Hematopoietic System: Hematopoietic complications, some fatal, have occasionally been reported in association with administration of phenytoin. These have included thrombocytopenia, leukopenia, granulocytopenia, agranulocytosis, and pancytopenia with or without bone marrow suppression.
There have been a number of reports that have suggested a relationship between phenytoin and the development of lymphadenopathy (local or generalized), including benign lymph node hyperplasia, pseudolymphoma, lymphoma, and Hodgkin's disease. Although a cause and effect relationship has not been established, the occurrence of lymphadenopathy indicates the need to differentiate such a condition from other types of lymph node pathology. Lymph node involvement may occur with or without signs and symptoms resembling HSS/DRESS (see Hypersensitivity Syndrome/Drug Reaction with Eosinophilia and Systemic Symptoms under Precautions). In all cases of lymphadenopathy, follow-up observation for an extended period is indicated and every effort should be made to achieve seizure control using alternative AEDs.

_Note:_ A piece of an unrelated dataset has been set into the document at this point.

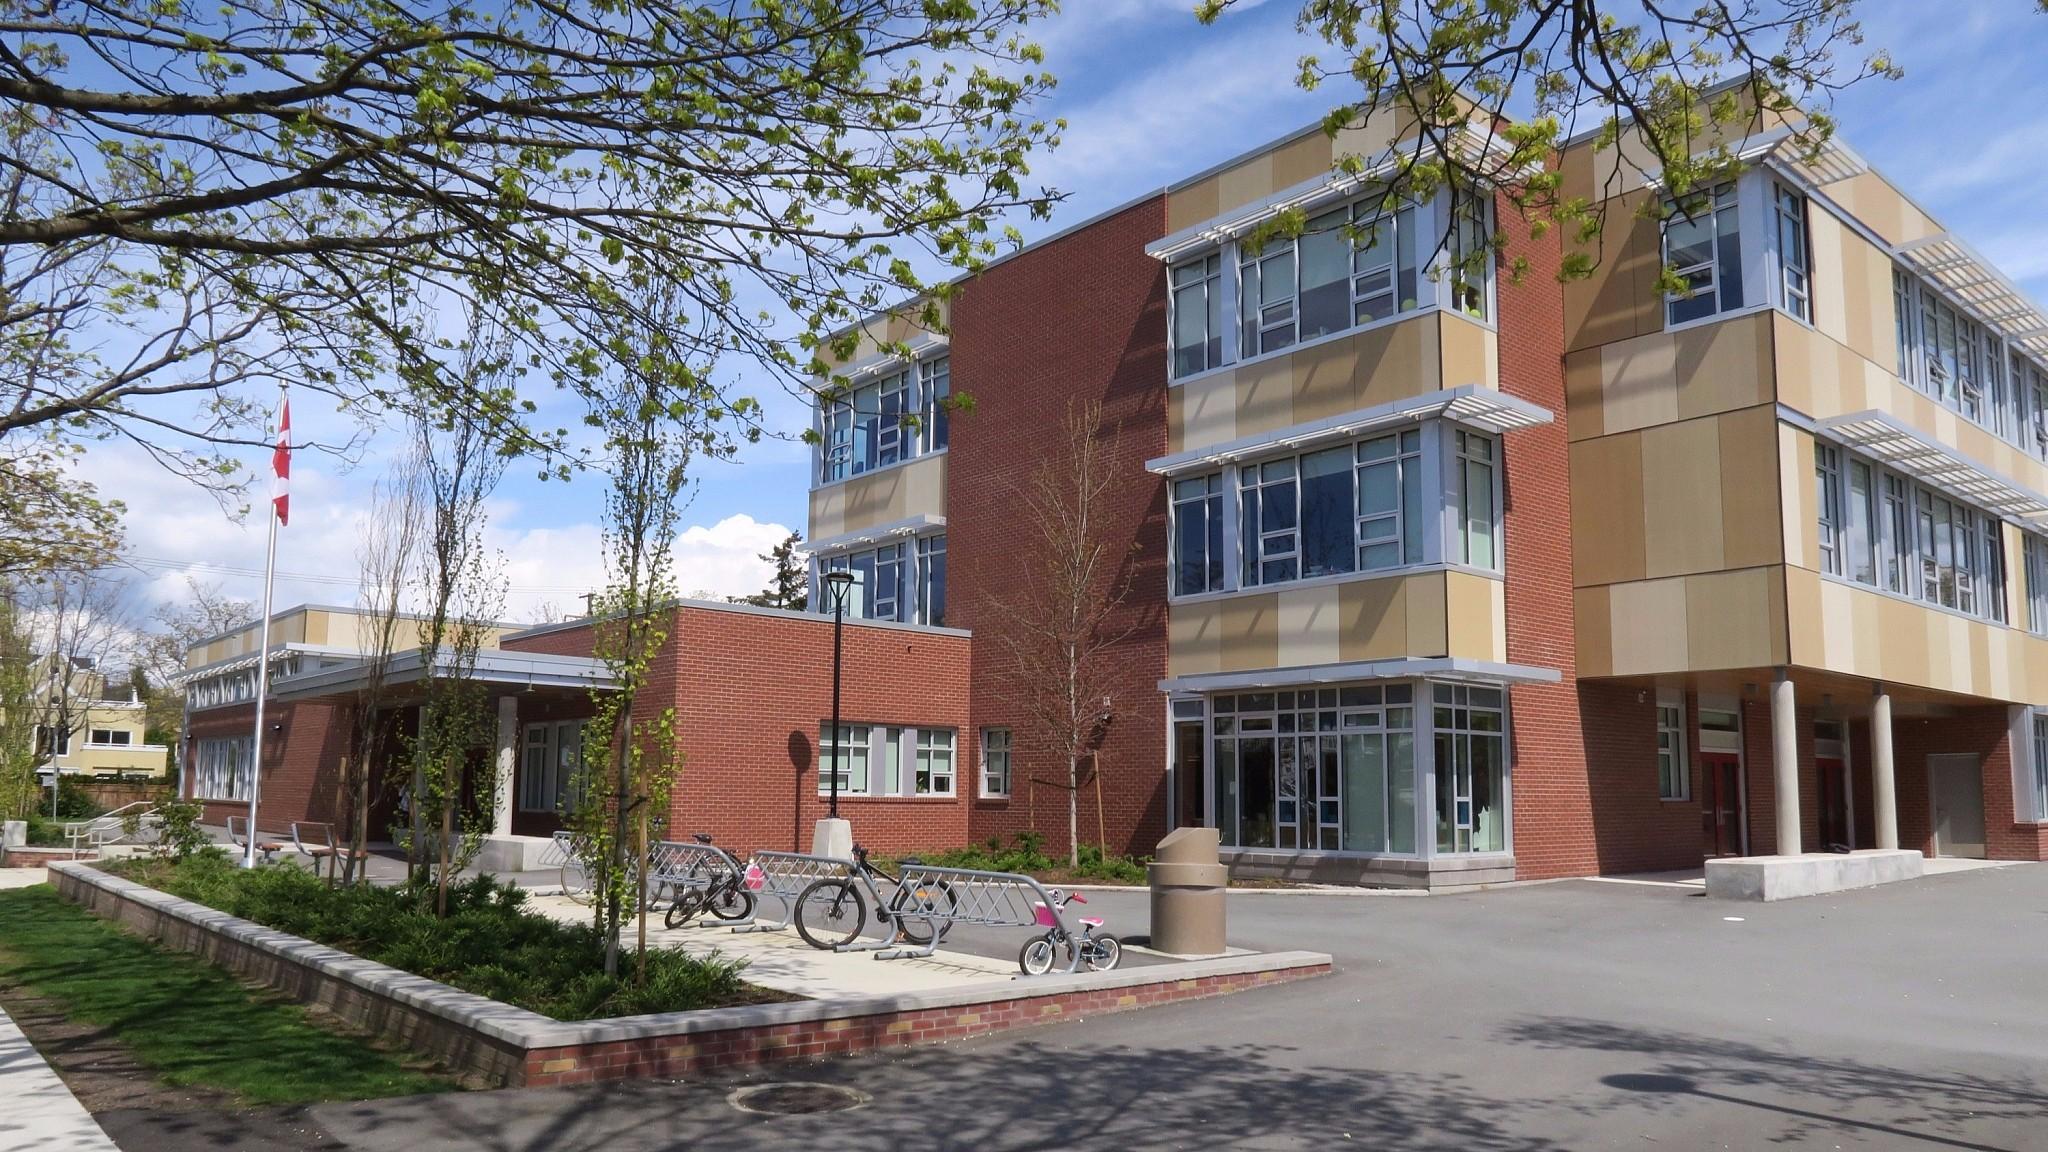 General Gordon Elementary School in Vancouver, Canada (Michael Sayachack via wikicommons)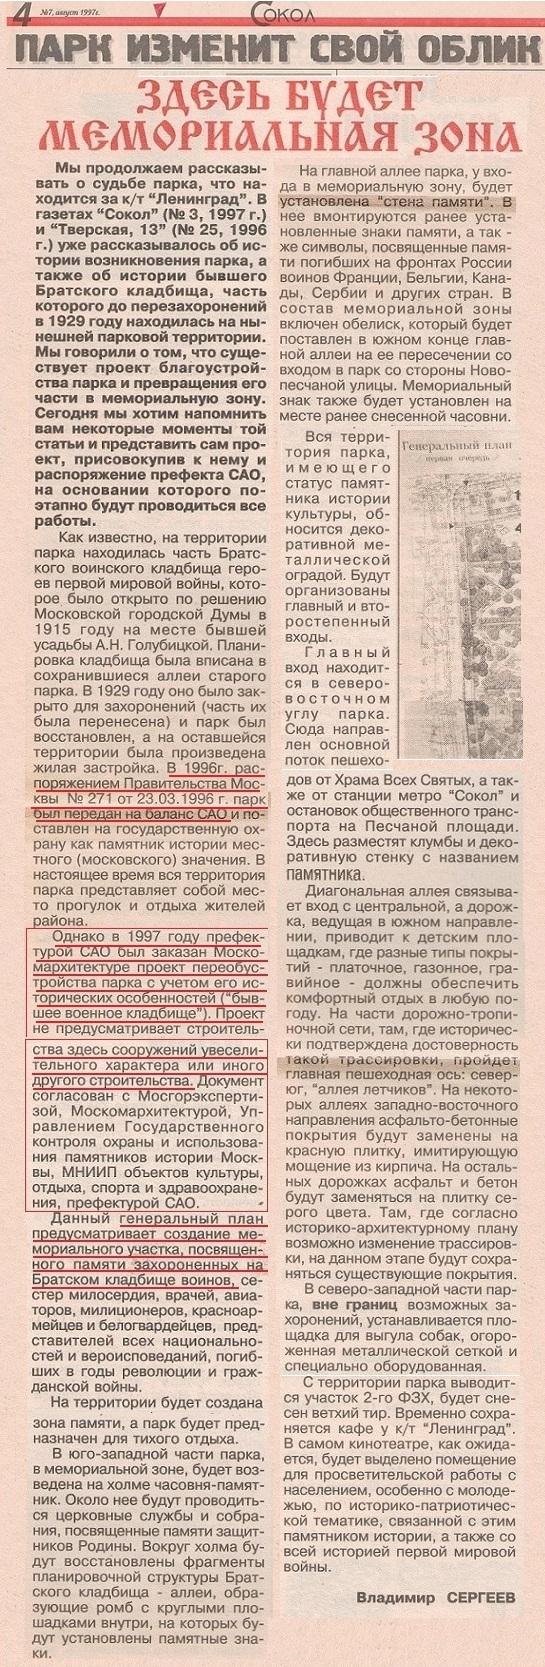 https://img-fotki.yandex.ru/get/3408/287625778.2/0_104bf9_41b24f98_orig.jpg

Central Nervous System Effect: Serum levels of phenytoin sustained above the optimal range may produce confusional states referred to as "delirium", "psychosis", or "encephalopathy", or rarely, irreversible cerebellar dysfunction and/or cerebellar atrophy. Accordingly, at the first sign of acute toxicity, serum drug level determination of phenytoin is recommended (see Laboratory Tests under Dosage & Administration). Fosphenytoin sodium (Aurantin) dose reduction is indicated if phenytoin concentrations are excessive; if symptoms persist, administration of fosphenytoin sodium (Aurantin) should be discontinued.
Metabolic Effect: Phenytoin has been infrequently associated with the exacerbation of porphyria. Caution should be exercised when fosphenytoin sodium (Aurantin) is used in patients with this disease.
Hyperglycemia, resulting from phenytoin's inhibitory effect on insulin release, has been reported. Phenytoin may also raise serum glucose concentrations in diabetic patients.
Women of Childbearing Potential: Phenytoin may cause fetal harm when administered to a pregnant woman. Prenatal exposure to phenytoin may increase the risks for congenital malformations and other adverse development outcomes (see Pregnancy & Lactation).
Patient Information: Patients should be cautioned on the use of other drugs or alcoholic beverages without first seeking their physician's advice.
Patients should be instructed to call their physician if skin rash develops.
Effects on Ability to Drive and Use Machines: Patients should be advised not to drive a car or operate potentially dangerous machinery until it is known that this medication does not affect their ability to engage in these activities.